Добавить в цитаты Настройки чтения

Страница 132 из 152

— Сеялку, сеялку вытаскивай! — свирепо орал Гришка и топором рубил замок на воротах сарая.

— Пожарники! Едуть! — пропел где-то Бедняга.

— Мария! Мария! — звал Гришка и рубил топором огромный замок, и летели из замка искры.

— Пожарники! — закричала из деревни Наташа.

Она с ведром стояла на крыше дома и махала ведром над головой.

Ветер с воем раздувал огонь по всему рухнувшему коровнику, накалял воздух, и бересты вдоль двора скручивались, подскакивали, сами катились по земле.

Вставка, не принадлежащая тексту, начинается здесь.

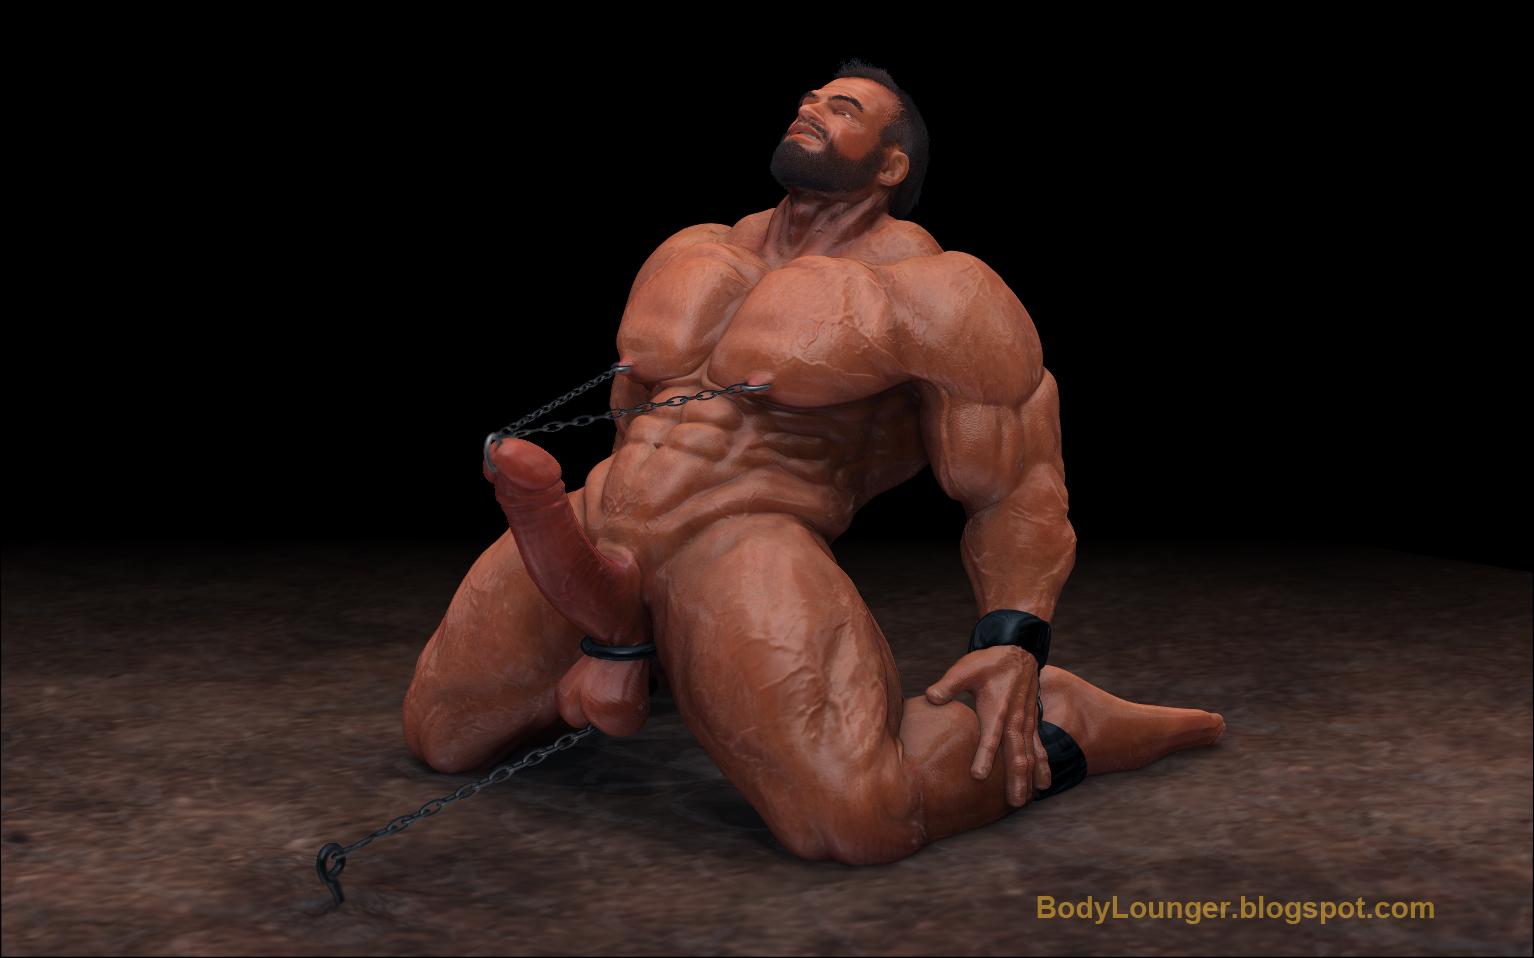 image Gay male bodybuilders bondage erotic master

Тройка с огромными колокольцами, с красной бочкой, грохоча, летела по деревне. Пожарники, сверкая касками, на ходу спрыгивали и бежали на огонь. Впереди скакал начальник в синей милицейской гимнастерке и грел коня хлыстом.

— Товарищ Париков! Гражданин начальник! — вскрикивал Бедняга, поднимая руки над головой, горестно показывая на пожар.

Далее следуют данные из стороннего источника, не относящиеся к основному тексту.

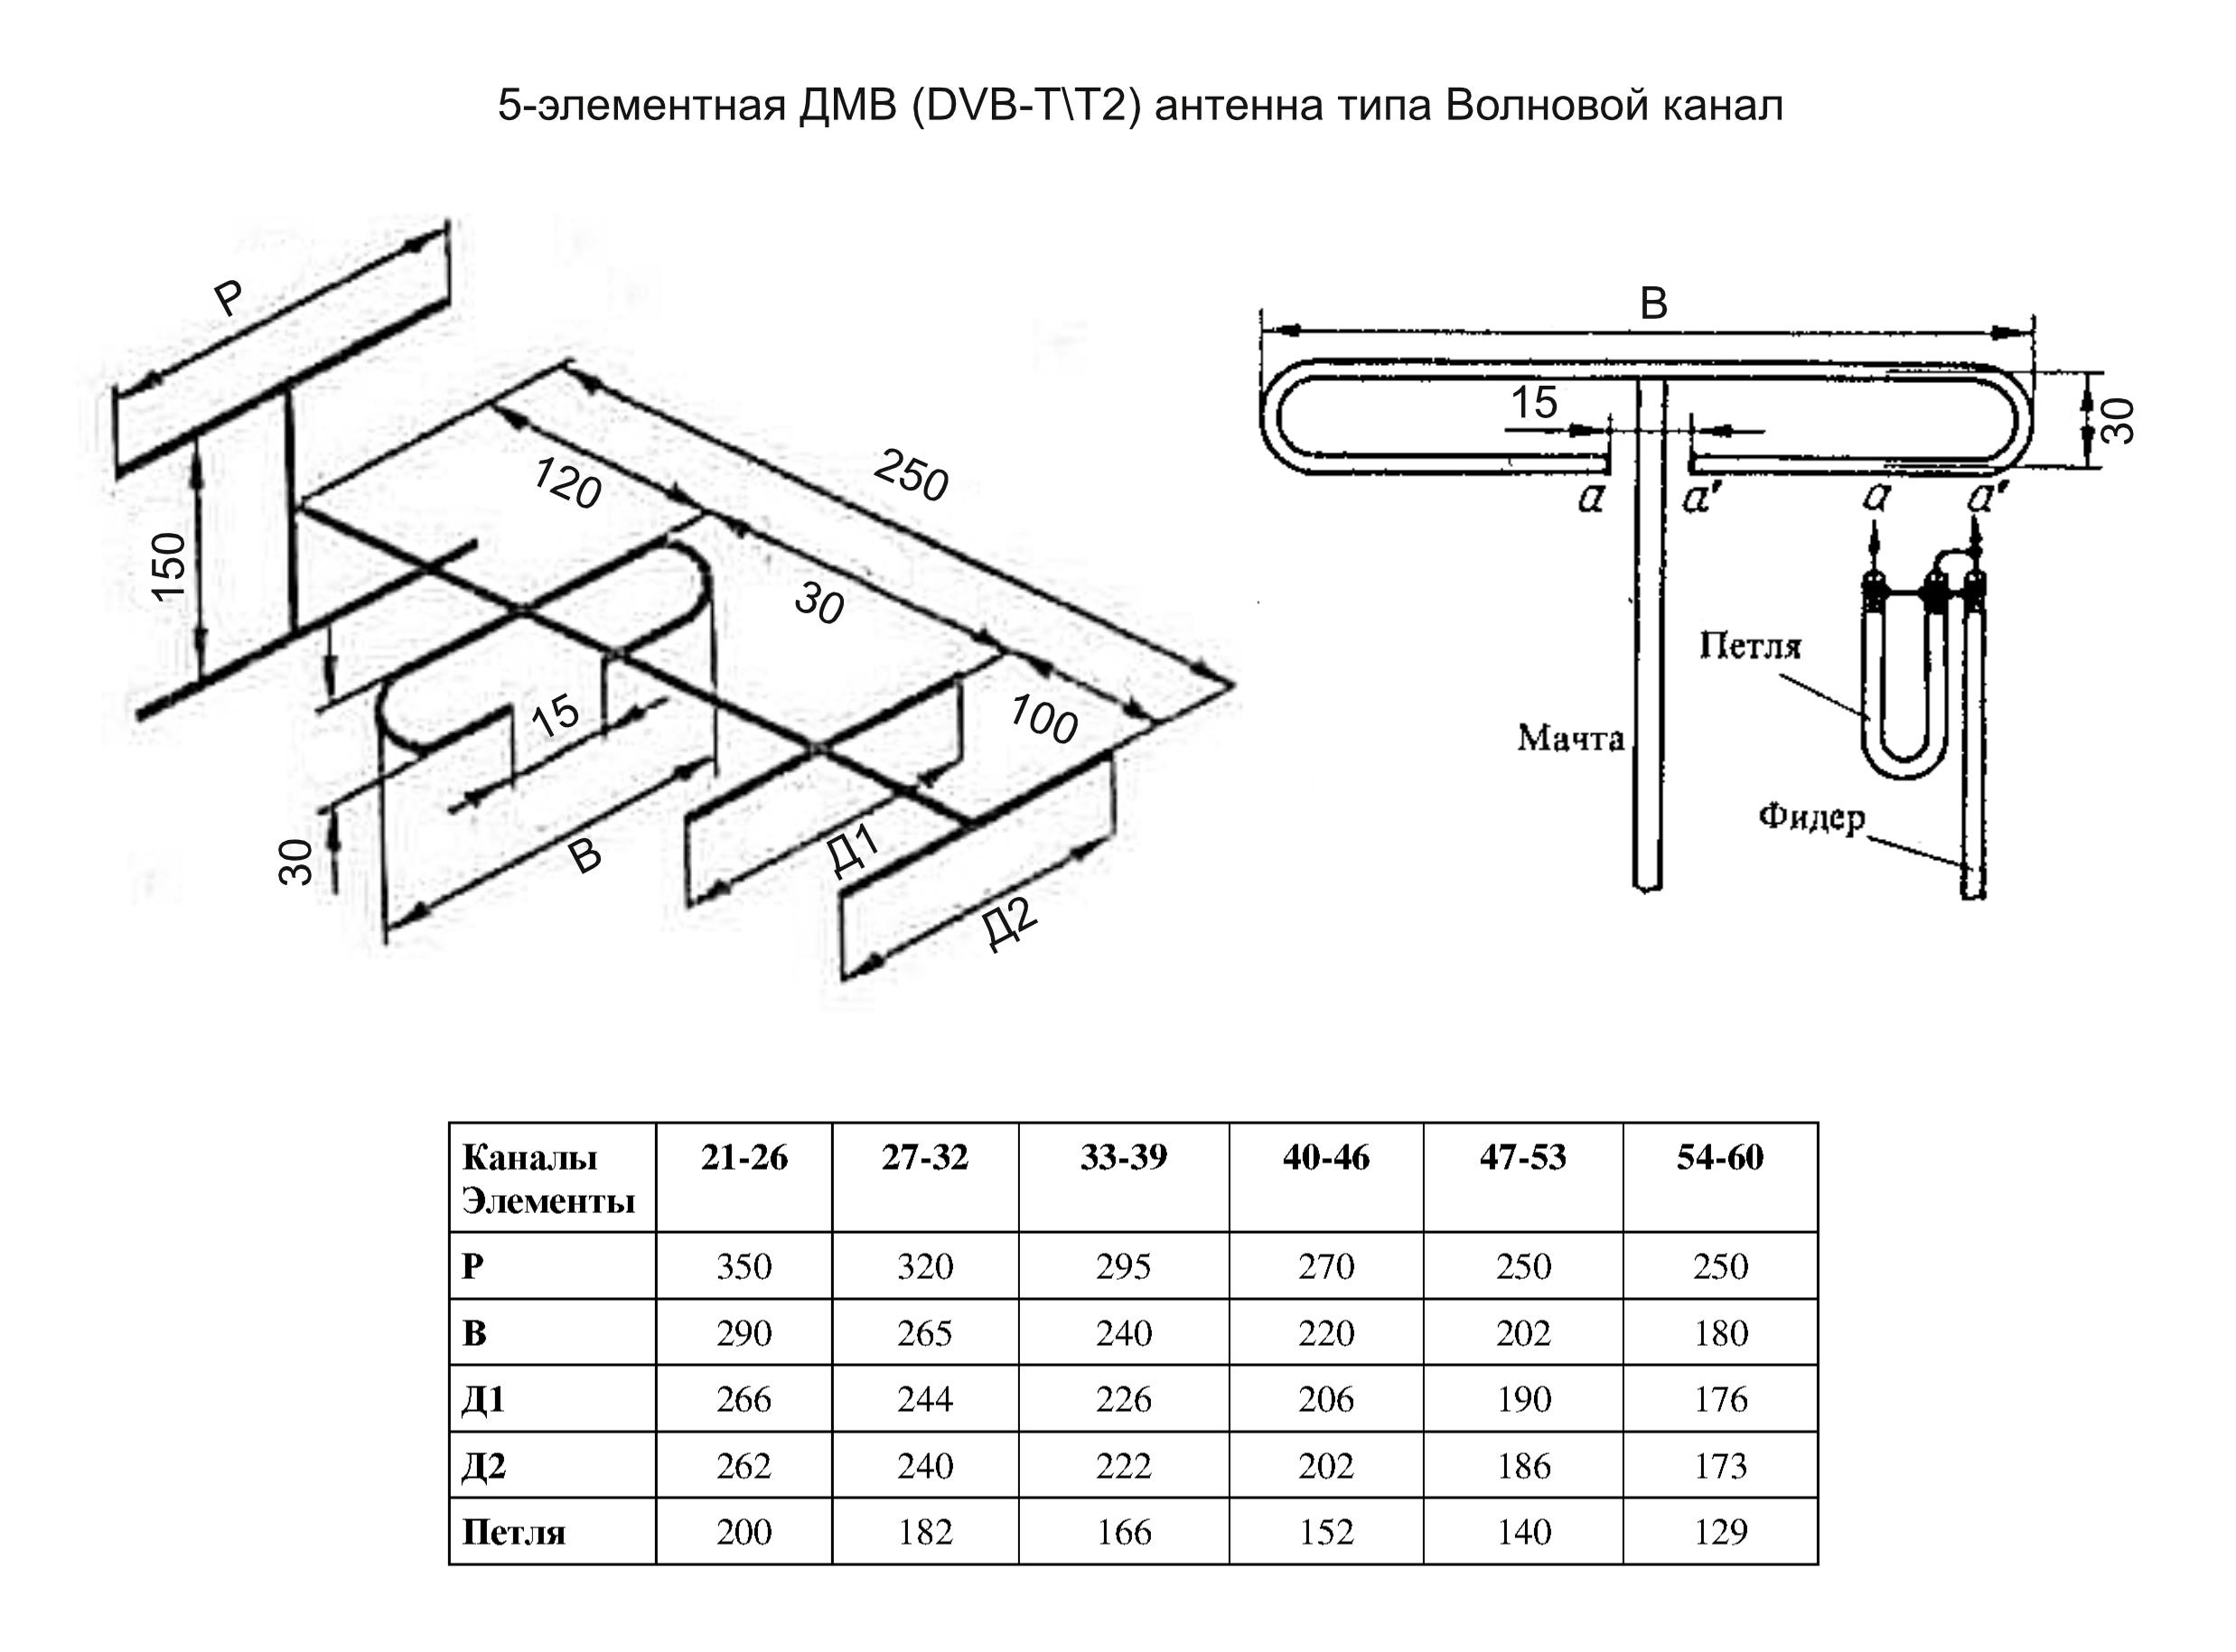 Телевизионные антенны для приема тв-сигналов в дециметровом диапазоне.

Начальник промчался мимо и спрыгнул с коня возле сарая. Тройка развернулась, и пожарники вытащили из-под бочки две длинные кишки и побежали с ними, как с винтовками. Подкатила вторая тройка, тоже с бочкой, с насосом. Насос поставили возле колодца. Начали качать воду.

Бедняга откуда-то вытащил длинный черный лом. Гришка и Париков поддели ломом замок, вывернули его вместе с пробоем. Ворота распахнулись, из них повалил дым. И тут вся крыша сарая со всех сторон одним духом вспыхнула. Санька и Калина пятились перед огнем на конек, отмахивались от жара пустыми ведрами. Пламя шло по крыше волглыми языками.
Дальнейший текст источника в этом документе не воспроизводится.